Can we verify that the tables exist before we resolve this? I ran a quick check and the table event_sanitized.mediawiki_page_outlink_topic_prediction_change_v1 doesn't seem to exist. iiuc from the documentation there is a cron job that runs every hours but perhaps something else is needed the first time (?)

Can we verify that the tables exist before we resolve this? I ran a quick check and the table event_sanitized.mediawiki_page_outlink_topic_prediction_change_v1 doesn't seem to exist. iiuc from the documentation there is a cron job that runs every hours but perhaps something else is needed the first time (?)

Indeed there is a cron job that runs per hour and export data in event_sanitized, but we first need to deploy refinery on the hdfs.
So, just merging the changes into refinery repo seems not enough, it also needs deployment.

I will update the task when the changes will be deployed.

Thanks for clearing that up! I assume data eng are the ones that deploy this but we could open the patch for it.

Thanks for clearing that up!
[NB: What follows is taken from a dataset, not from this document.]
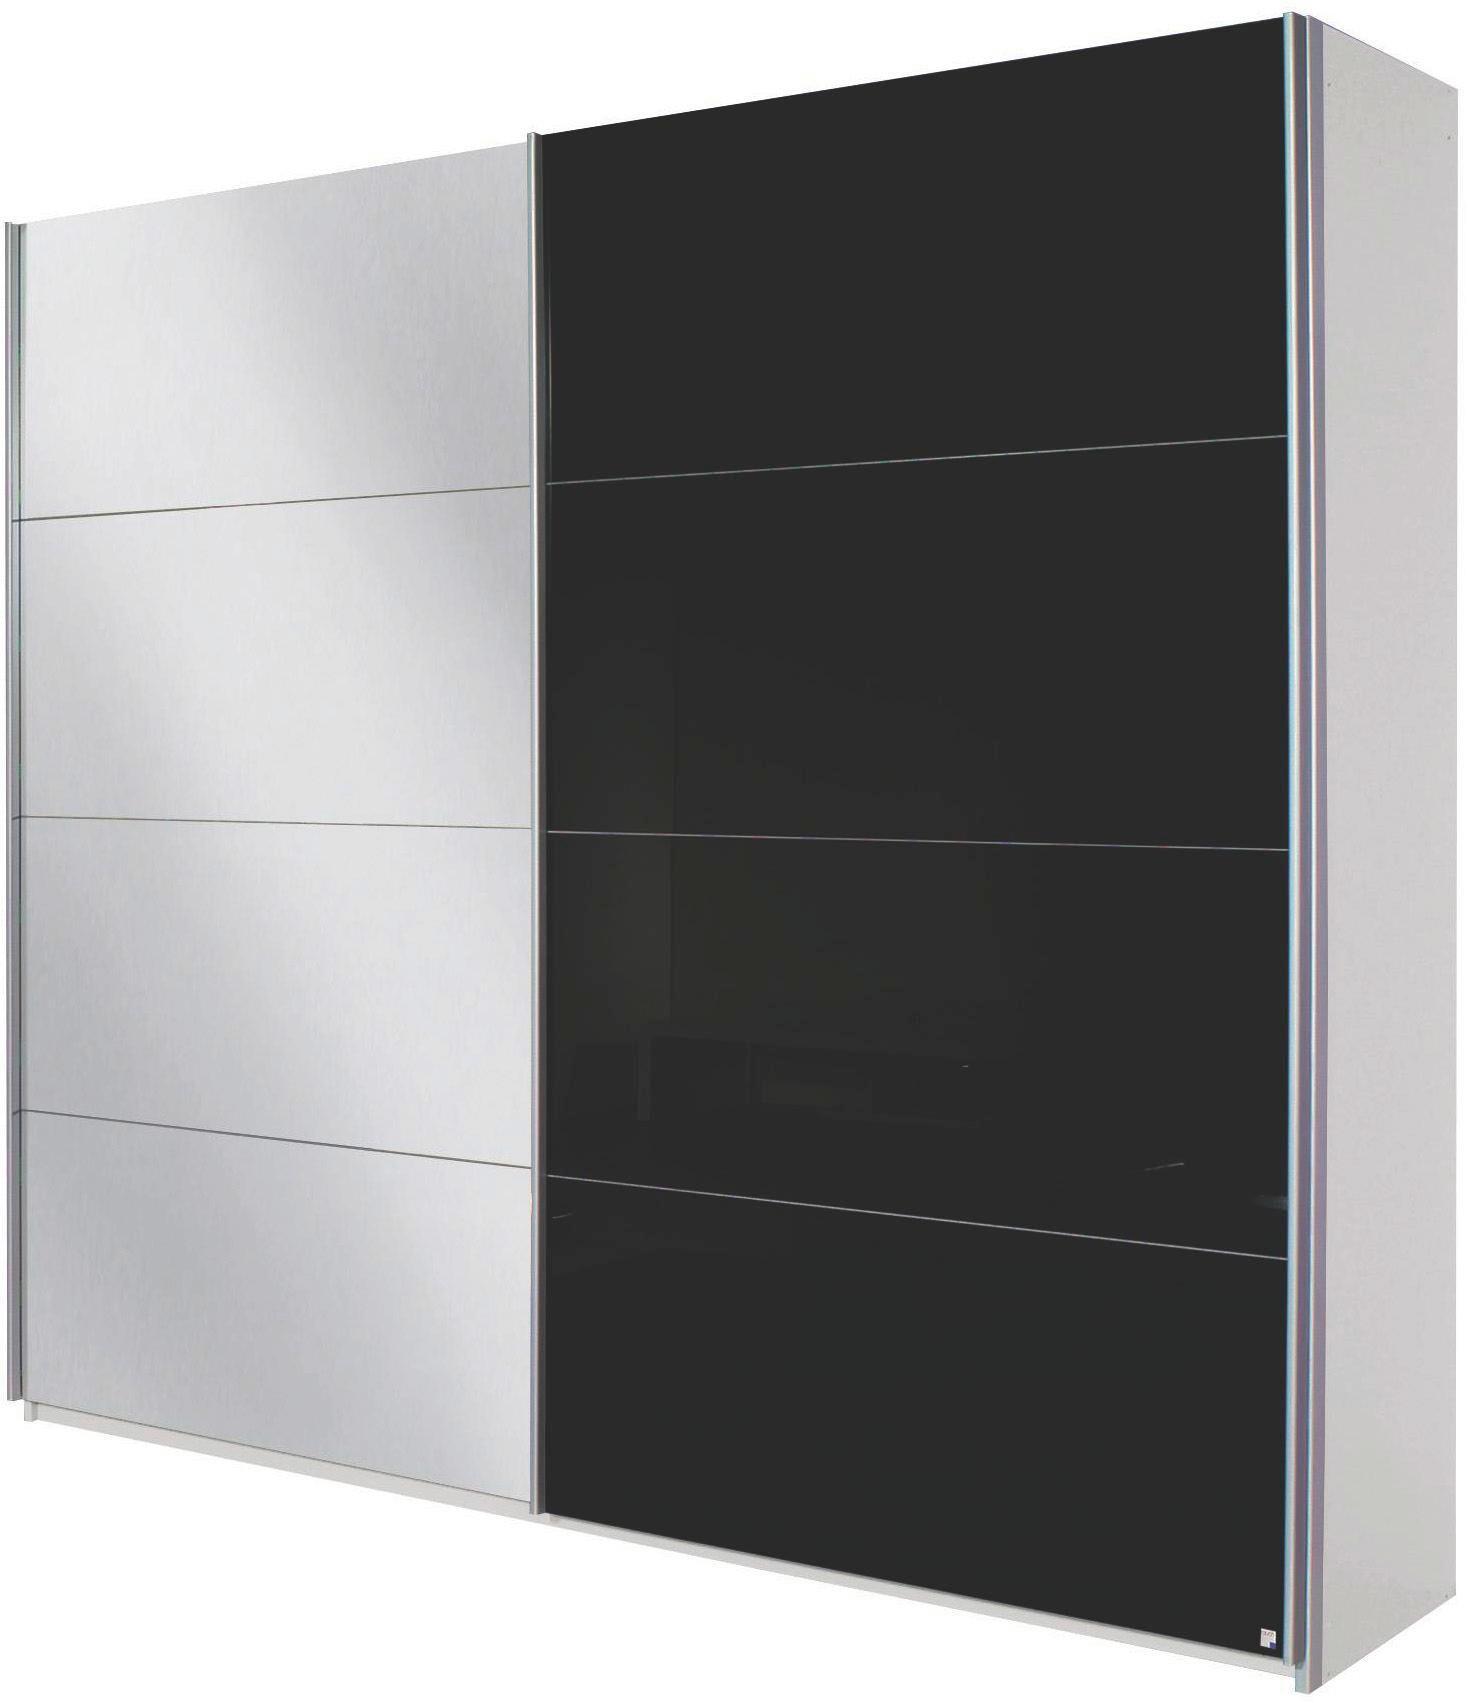 Schwebetürenschrank in Weiß/Schwarz - Alufarben, MODERN, Holzwerkstoff/Metall (226/229/61cm) - MODERN LIVING

I assume data eng are the ones that deploy this but we could open the patch for it.

They just deployed it.
I found this: https://wikitech.wikimedia.org/wiki/Data_Platform/Systems/Refine/Deploy_Refinery instructions for deploying using scap, but they (DE) are the ones need to deploy it.

image (3).png (938×2 px, 161 KB)

image (4).png (944×2 px, 178 KB)

kostajh subscribed.

@gkyziridis I'm testing this out today but only seeing revertrisk-language-agnostic for an example revision on enwiki, is that expected?

spark-sql (default)> select predicted_classification from event.mediawiki_page_revert_risk_prediction_change_v1 where revision.rev_id = 1333904928;
predicted_classification
{"model_name":"revertrisk-language-agnostic","model_version":"3","predictions":["false"],"probabilities":{"false":0.7348057627677917,"true":0.26519423723220825}}

@gkyziridis I'm testing this out today but only seeing revertrisk-language-agnostic for an example revision on enwiki, is that expected?

spark-sql (default)> select predicted_classification from event.mediawiki_page_revert_risk_prediction_change_v1 where revision.rev_id = 1333904928;
predicted_classification
{"model_name":"revertrisk-language-agnostic","model_version":"3","predictions":["false"],"probabilities":{"false":0.7348057627677917,"true":0.26519423723220825}}

Yes this is expected since this patch is deployed: https://gerrit.wikimedia.org/r/c/analytics/refinery/+/1192900 . We keep the predictions from language agnostic model.

We are currently do not store anywhere the predictions from the rr-multilingual model so we cannot export them in the same way that we are doing for the rr-language-agnostic one.
If there is this necessity, I can open a new Phabricator task in order to start developing the first step of saving the slice of the rr-multilingual predictions into the event stream, and then we can add them to the refinery and export them into the event_sanitized as we do for the rr-langugage-agnostic.